## TASK DETAILS
Use the entries below and reproduce exactly the lines from the one containing "Deliver Your Pitch" down to the one containing "The ring is", both of them included.

## DATA TO PROCESS
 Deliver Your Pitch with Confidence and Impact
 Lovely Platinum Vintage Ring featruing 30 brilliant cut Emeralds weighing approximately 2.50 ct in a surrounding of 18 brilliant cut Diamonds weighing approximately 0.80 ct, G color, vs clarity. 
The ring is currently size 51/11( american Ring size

...

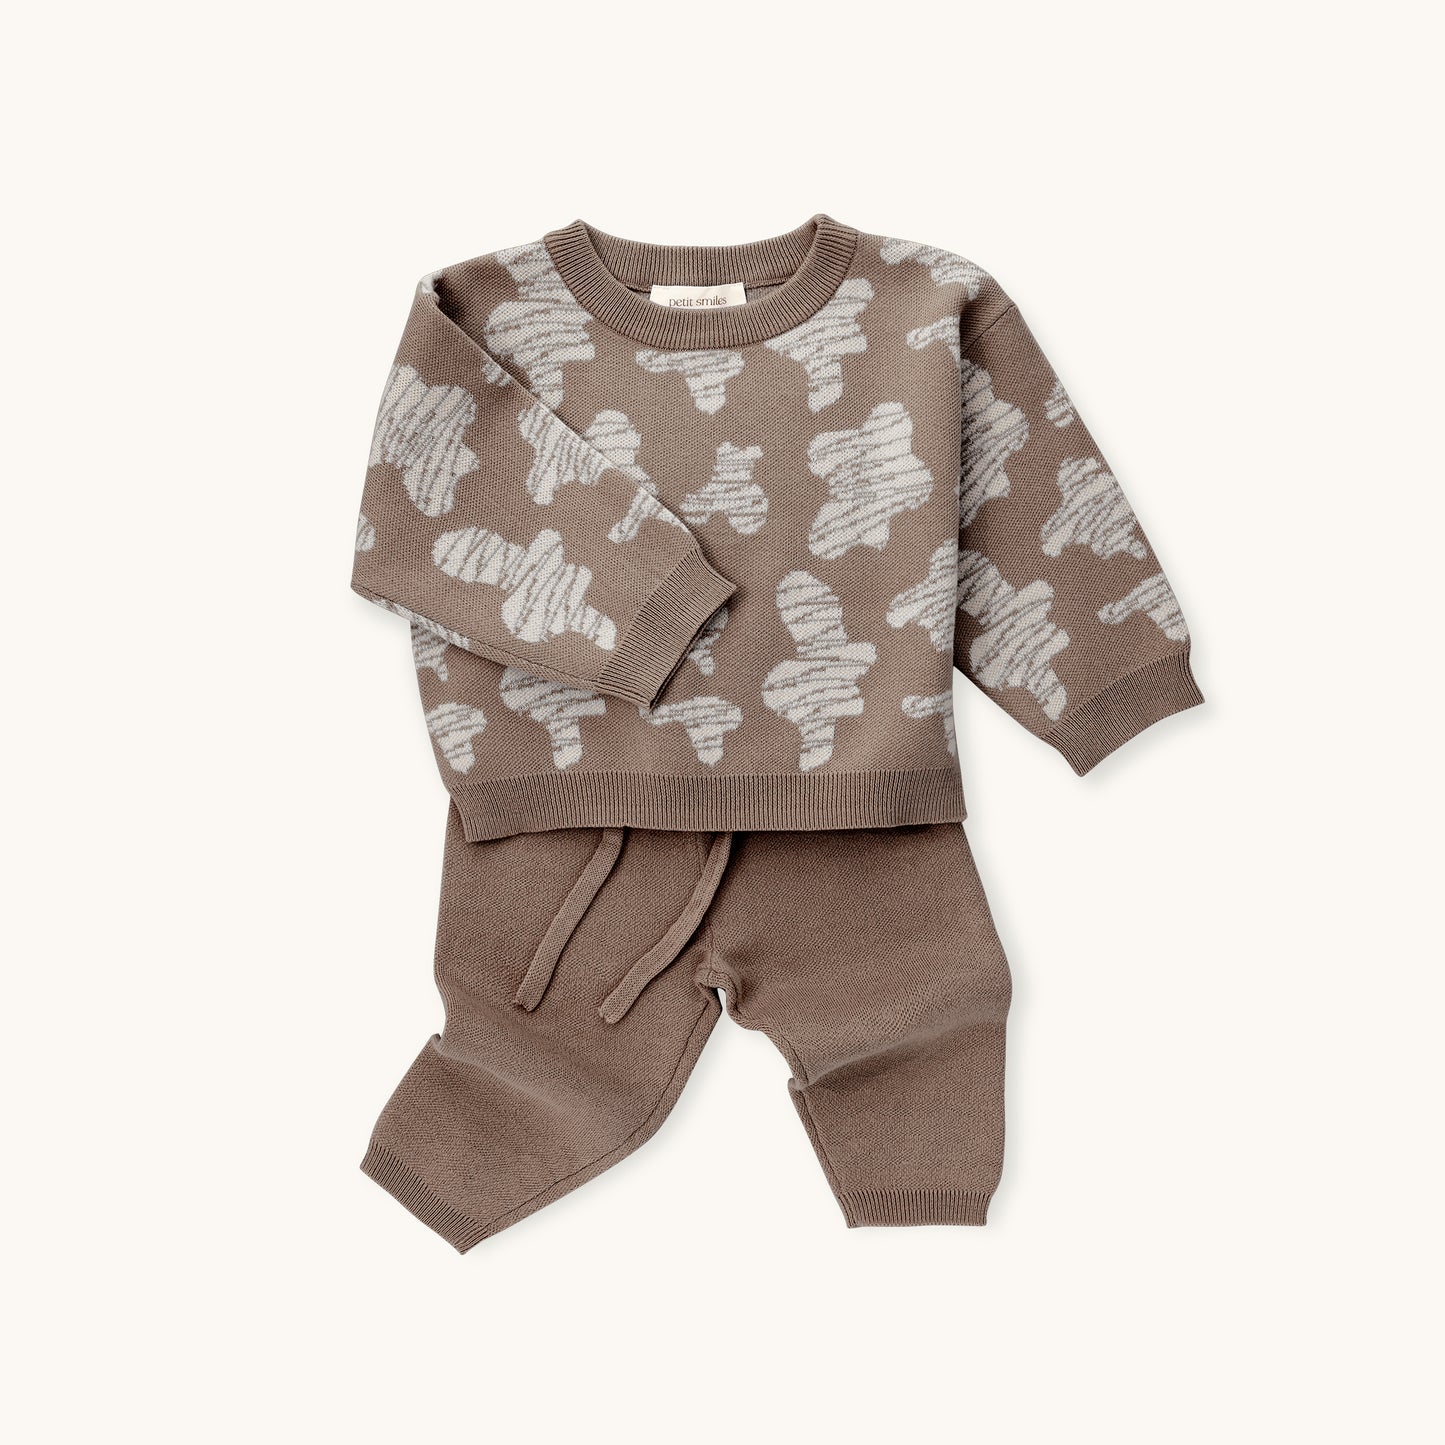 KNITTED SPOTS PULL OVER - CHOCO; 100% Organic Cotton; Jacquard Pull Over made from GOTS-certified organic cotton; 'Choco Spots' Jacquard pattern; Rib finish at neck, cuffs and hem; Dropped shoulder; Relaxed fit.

---

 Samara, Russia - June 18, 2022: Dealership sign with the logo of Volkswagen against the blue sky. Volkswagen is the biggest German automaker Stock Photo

## RESULT
 Deliver Your Pitch with Confidence and Impact
 Lovely Platinum Vintage Ring featruing 30 brilliant cut Emeralds weighing approximately 2.50 ct in a surrounding of 18 brilliant cut Diamonds weighing approximately 0.80 ct, G color, vs clarity. 
The ring is currently size 51/11( american Ring size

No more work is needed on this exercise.